## Goal of the exercise
Starting with the line below that holds "Bateaux touristiques avec" and stopping after the line that holds "Фото мероприятий, проводимые", transcribe the lines exactly, leaving out all pictures.

## Records to use
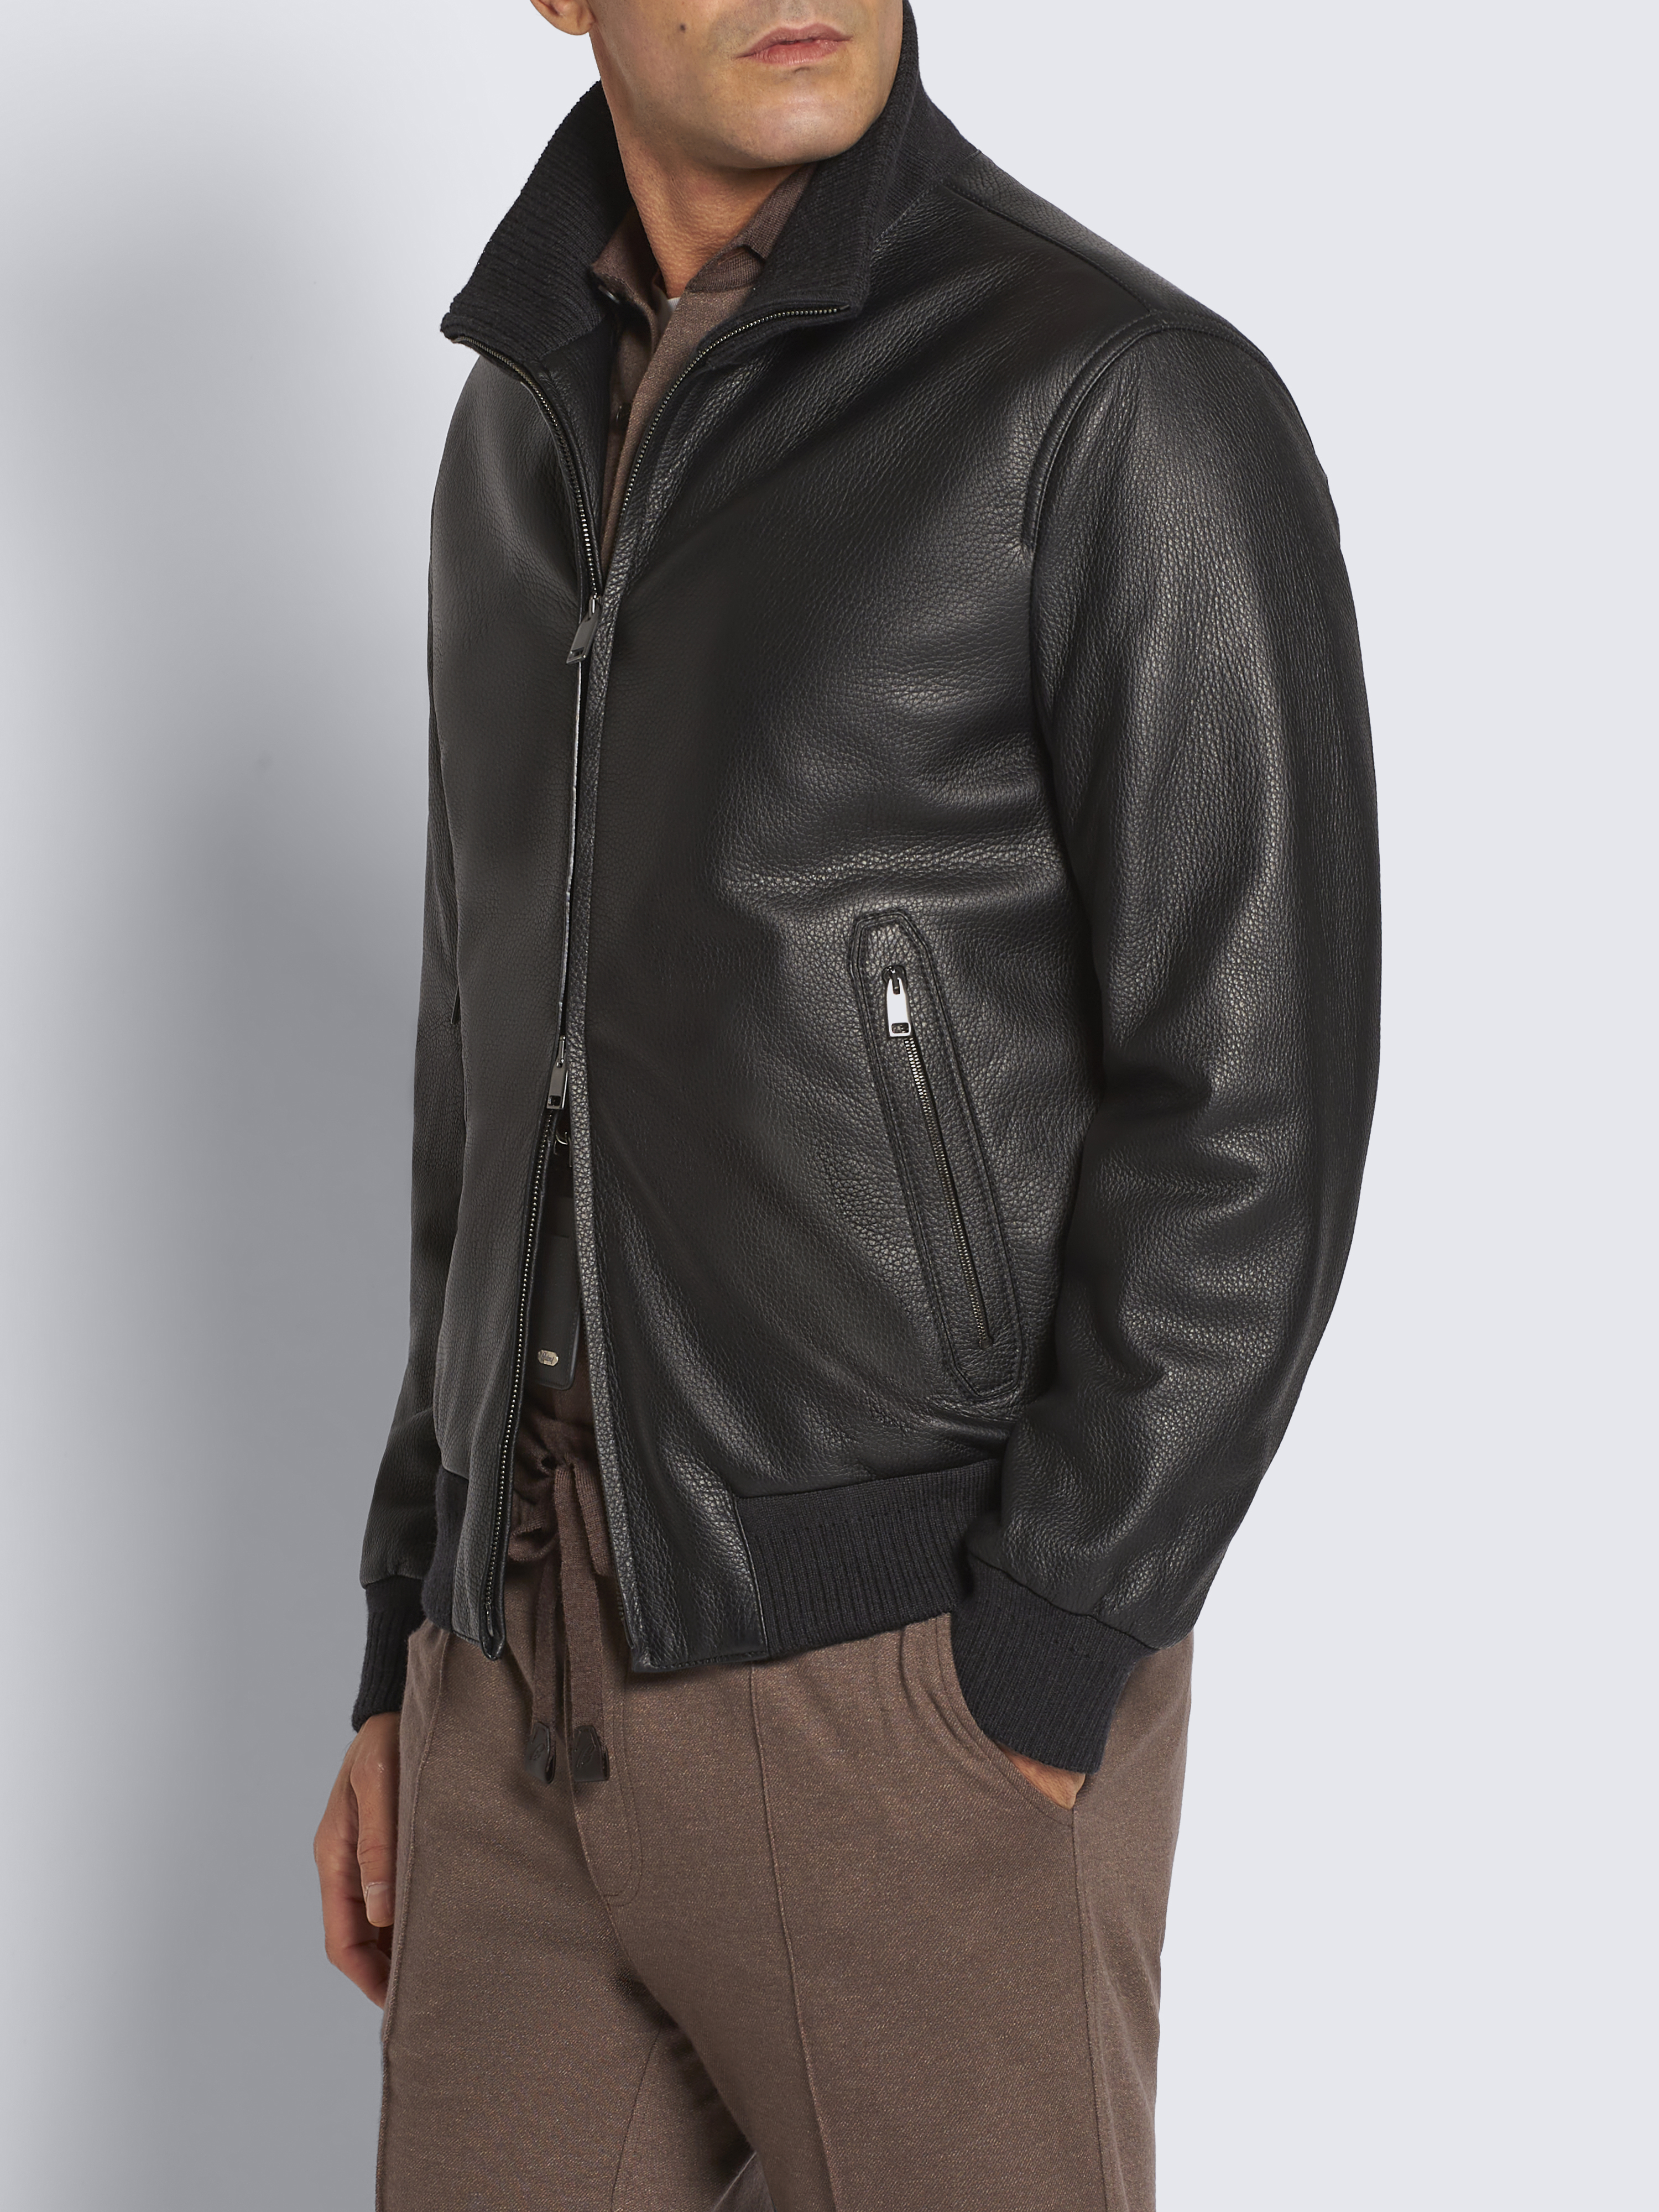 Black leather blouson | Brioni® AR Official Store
* * *
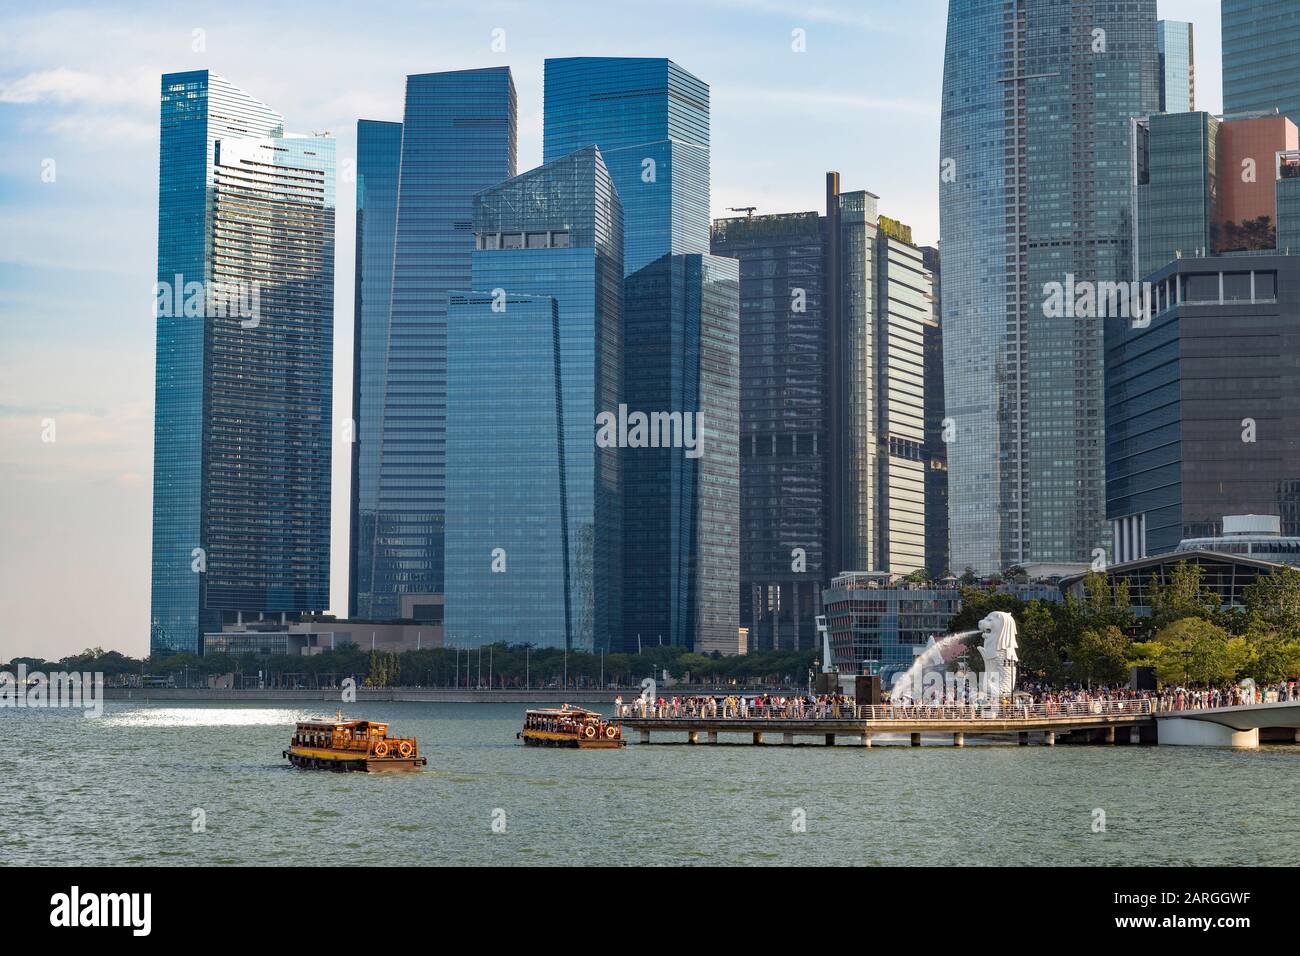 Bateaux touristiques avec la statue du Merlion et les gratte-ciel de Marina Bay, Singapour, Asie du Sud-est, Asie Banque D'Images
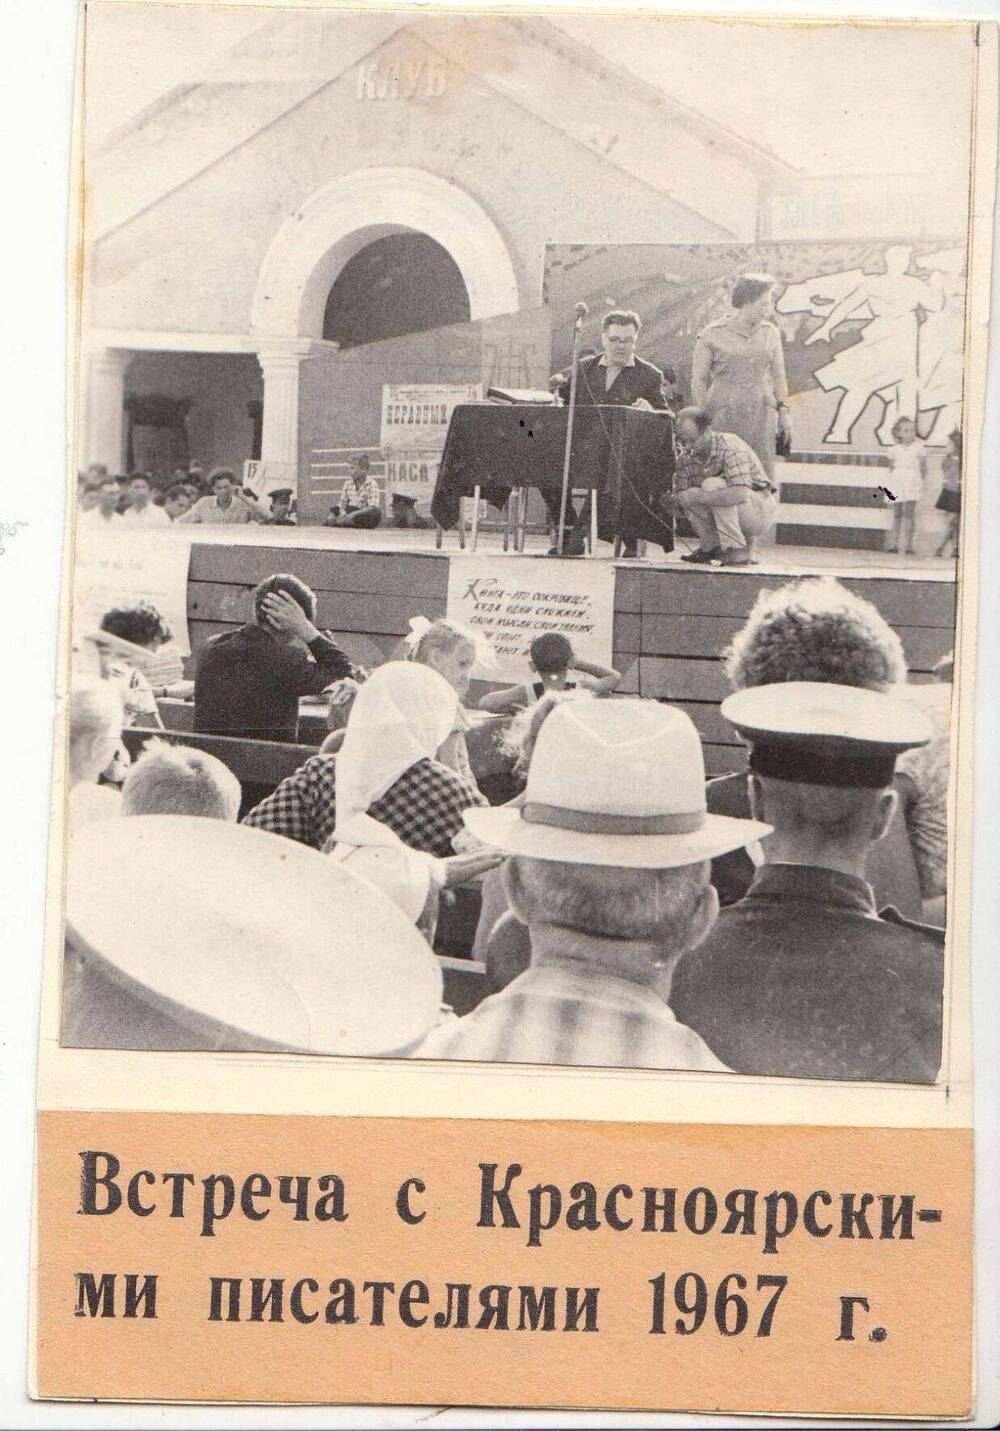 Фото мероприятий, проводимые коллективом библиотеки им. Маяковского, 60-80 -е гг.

## Result for this exercise
 Bateaux touristiques avec la statue du Merlion et les gratte-ciel de Marina Bay, Singapour, Asie du Sud-est, Asie Banque D'Images
 Фото мероприятий, проводимые коллективом библиотеки им. Маяковского, 60-80 -е гг.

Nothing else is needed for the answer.